If the compiler defines the macro constant __STDC_NO_VLA__ to integer constant 1, then VLA objects with automatic storage duration are not supported.
The support for VM types and VLAs with allocated storage durations is mandated.
If expression in an array declarator is omitted, it declares an array of unknown size. Except in function parameter lists (where such arrays are transformed to pointers) and when an initializer is available, such type is an incomplete type (note that VLA of unspecified size, declared with * as the size, is a complete type) (since C99) :
Within a definition, an array of unknown size may appear as the last member (as long as there is at least one other named member), in which case it is a special case known as . See for details: s { int n; double d[]; }; // s.d is a flexible array member struct s *s1 = (sizeof (struct s) + (sizeof (double) * 8)); // as if d was double d[8]
| (since C99) |
If an array type is declared with a , , or (since C99) qualifier (which is possible through the use of ), the array type is not qualified, but its element type is: | (until C23) |
An array type and its element type are always considered to be identically qualified, except that an array type is never considered to be -qualified. | (since C23) |
is not allowed to be applied to an array type, although an array of atomic type is allowed. int A[2]; // _Atomic A a0 = {0}; // Error // _Atomic(A) a1 = {0}; // Error _Atomic int a2[2] = {0}; // OK _Atomic(int) a3[2] = {0}; // OK | (since C11) |
Objects of array type are not modifiable lvalues , and although their address may be taken, they cannot appear on the left hand side of an assignment operator. However, structs with array members are modifiable lvalues and can be assigned:
Any lvalue expression of array type, when used in any context other than
(since C11) |
undergoes an implicit conversion to the pointer to its first element. The result is not an lvalue.
If the array was declared register , the behavior of the program that attempts such conversion is undefined.

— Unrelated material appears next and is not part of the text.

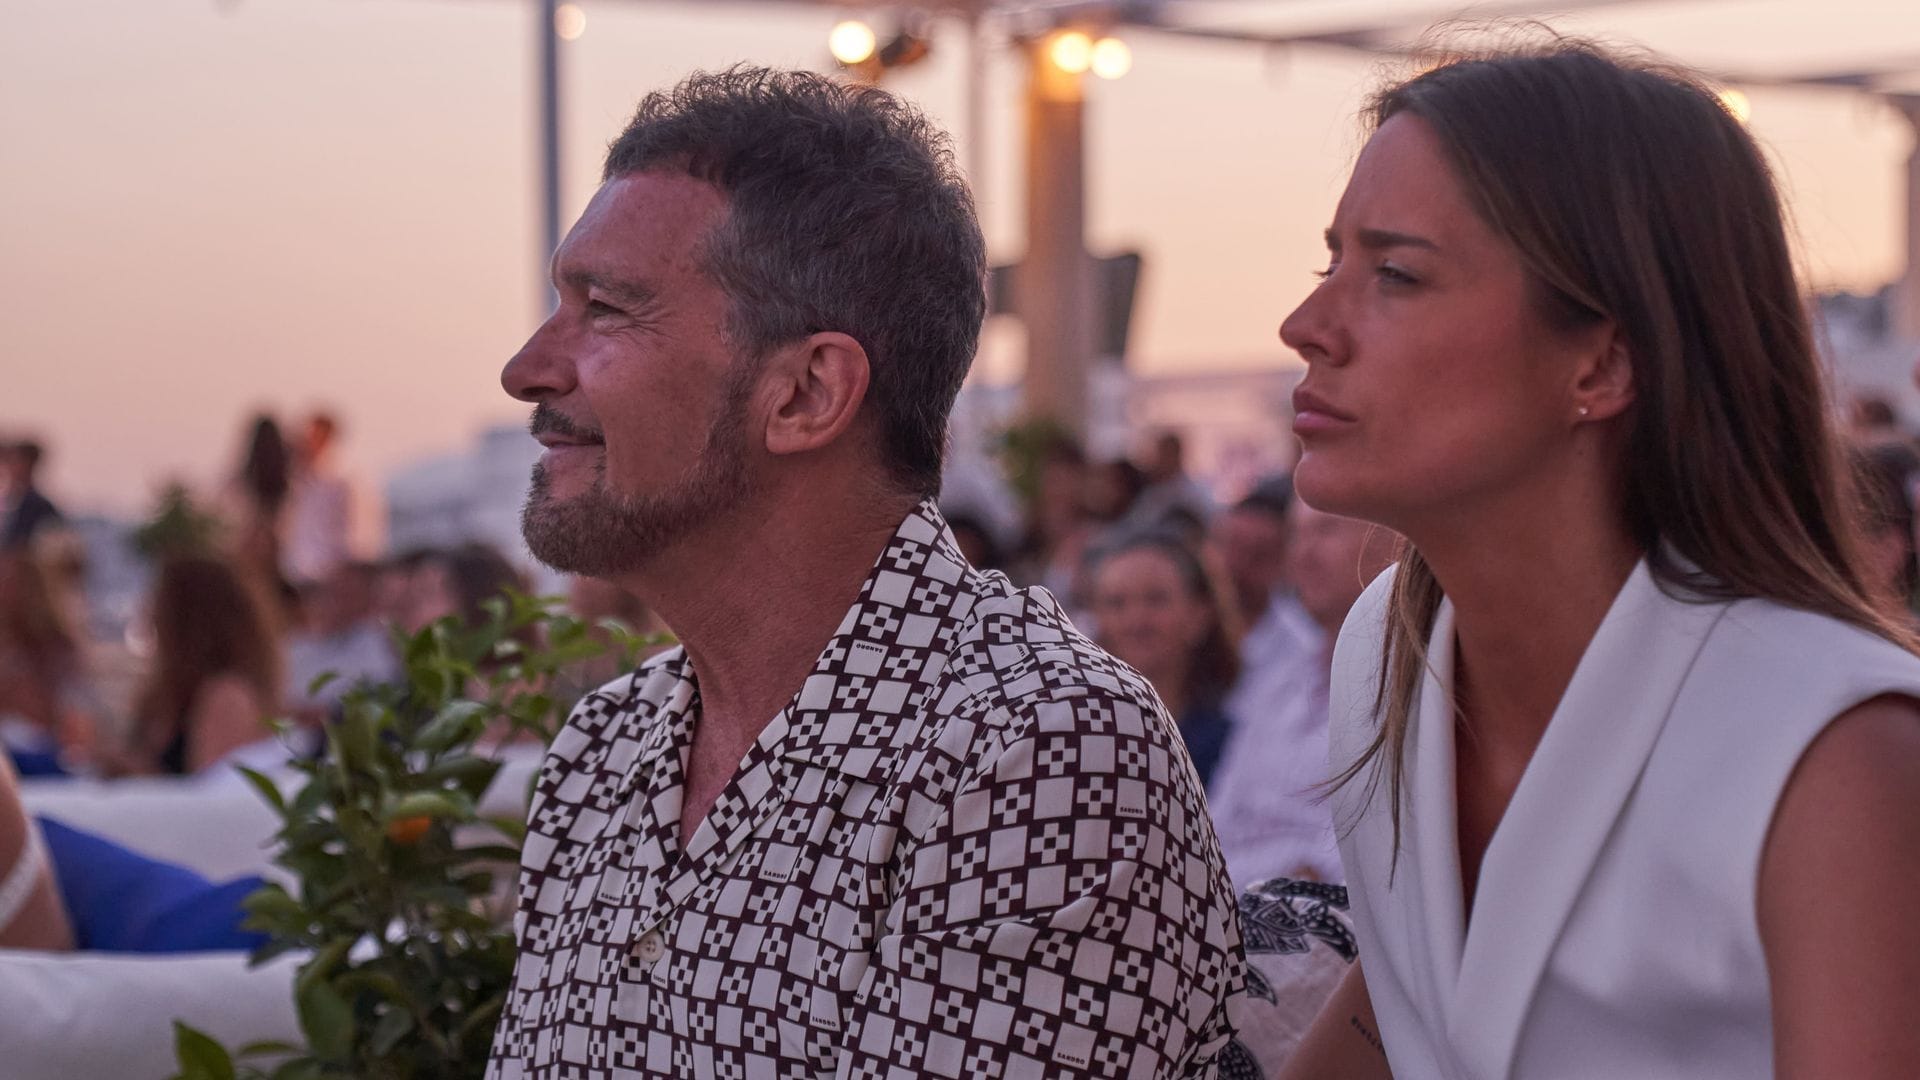 Antonio Banderas, Kirá Miró y Cayetana Guillén Cuervo disfrutan de la música de Café Quijano con vistas al mar Mediterráneo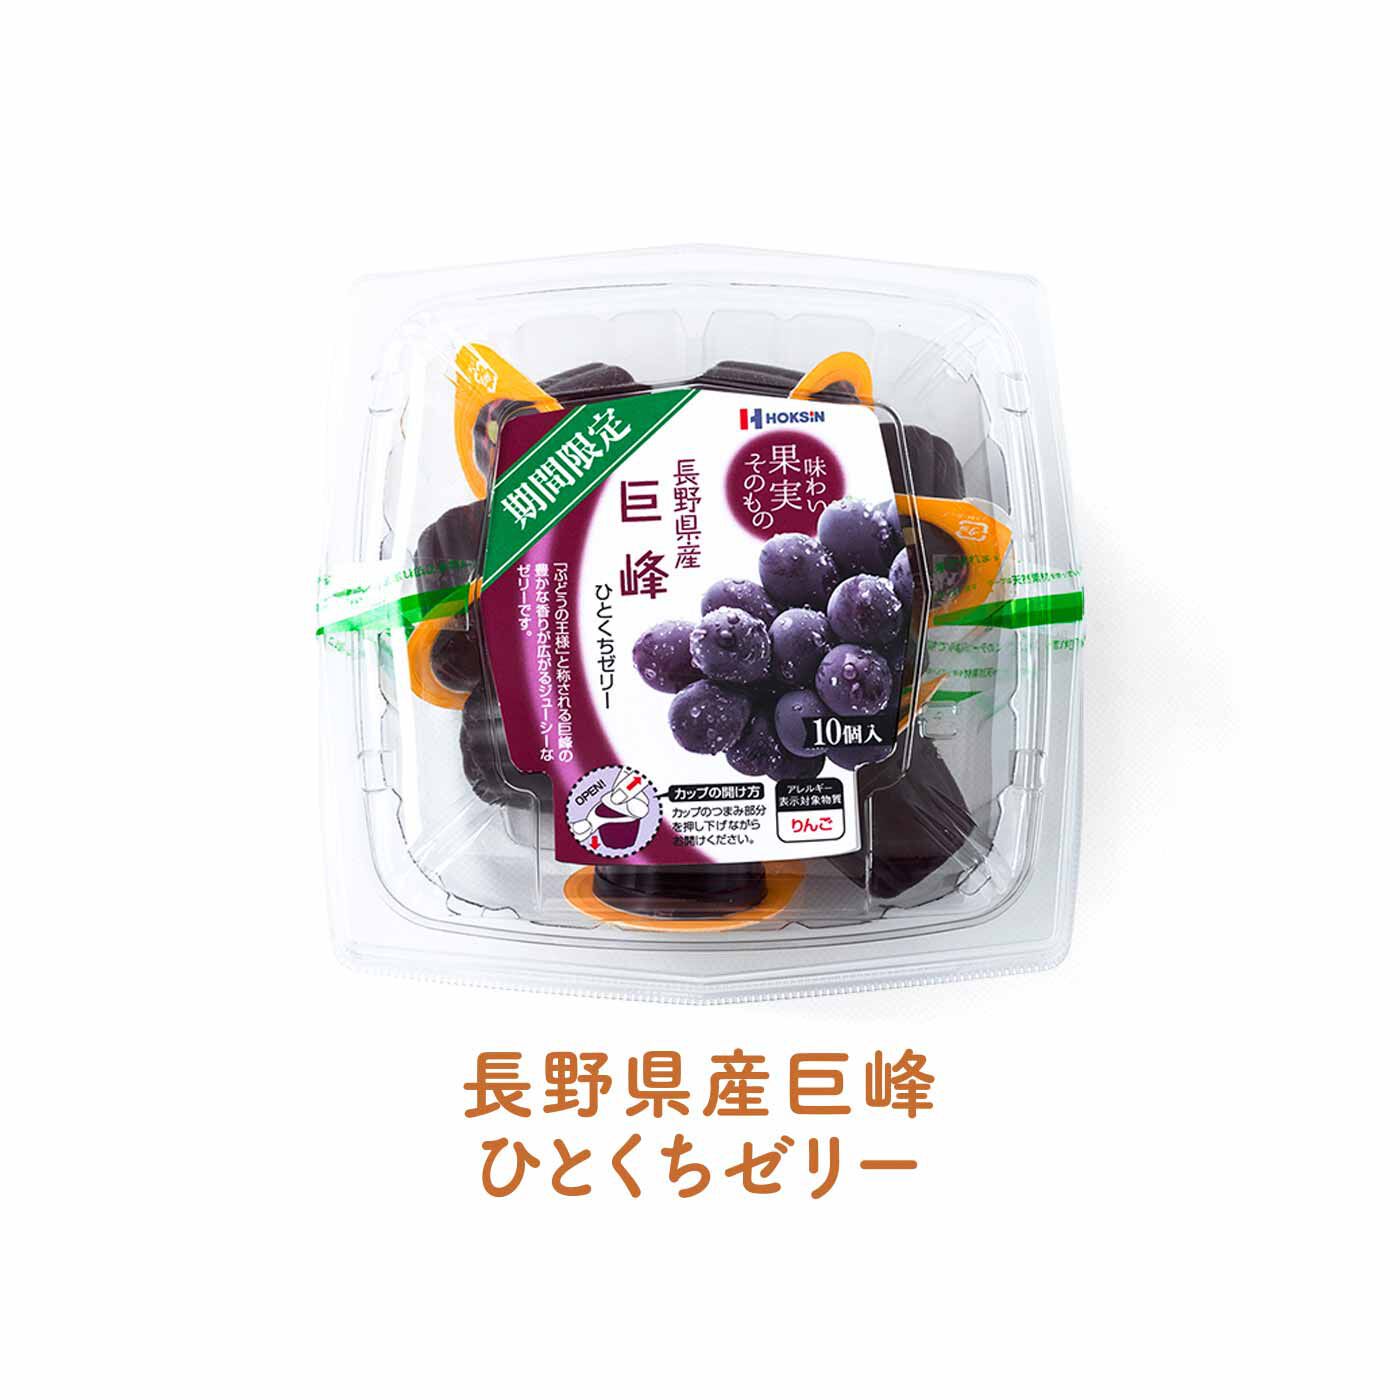 FELISSIMO PARTNERS|「ちょっと」に応えてくれる 日本の果物を味わう ちいさなゼリーの会（8回予約）|「ぶどうの王様」と称される巨峰の豊かな香りが広がるジューシーなゼリーです。

When an array type is used in a function parameter list, it is transformed to the corresponding pointer type: int f ( int a [ 2 ] ) and int f ( int * a ) declare the same function. Since the function's actual parameter type is pointer type, a function call with an array argument performs array-to-pointer conversion; the size of the argument array is not available to the called function and must be passed explicitly:
When the element type of an array is another array, it is said that the array is multidimensional:
Note that when array-to-pointer conversion is applied, a multidimensional array is converted to a pointer to its first element, e.g., pointer to the first row:
Multidimensional arrays may be variably modified in every dimension if VLAs are supported(since C11): n = 10; int a[n][2*n]; | (since C99) |
Zero-length array declarations are not allowed, even though some compilers offer them as extensions (typically as a pre-C99 implementation of flexible array members ).
If the size expression of a VLA has side effects, they are guaranteed to be produced except when it is a part of a sizeof expression whose result doesn't depend on it:
for Array declaration |
Hello I am a beginner in C and I was working with structures when i have this problem:
With this one I have this error ( error: assignment to expression with array type ). error: assignment to expression with array type )。--> So I decided to do it using pointers and it actually working this is the code I used:
So the question is what is the difference between both of them since strings are pointers. thank you..
First part, you try to copy two array of character (string is not a pointer, it is array of character that is terminated by null character \0 ). \0 终止的字符数组)。-->
If you want to copy value of an array to another, you can use memcpy , but for string, you can also use strcpy . memcpy ,但对于字符串,你也可以使用 strcpy 。-->
Second part, you make the pointer point to string literal. The pointer points to first character of the string ( r in this case). r )。-->
You can see How to copy a string using a pointer 如何使用指针复制字符串 -->
And Assigning strings to pointer in C Language 字符串分配给 C 语言中的指针 -->
Strings are not pointers, they are sequences of characters terminated with a null byte. These sequences are stored in arrays, which are not pointers either, but objects that live in memory and to which a pointer can point. A pointer is a variable that contains the address of an object in memory.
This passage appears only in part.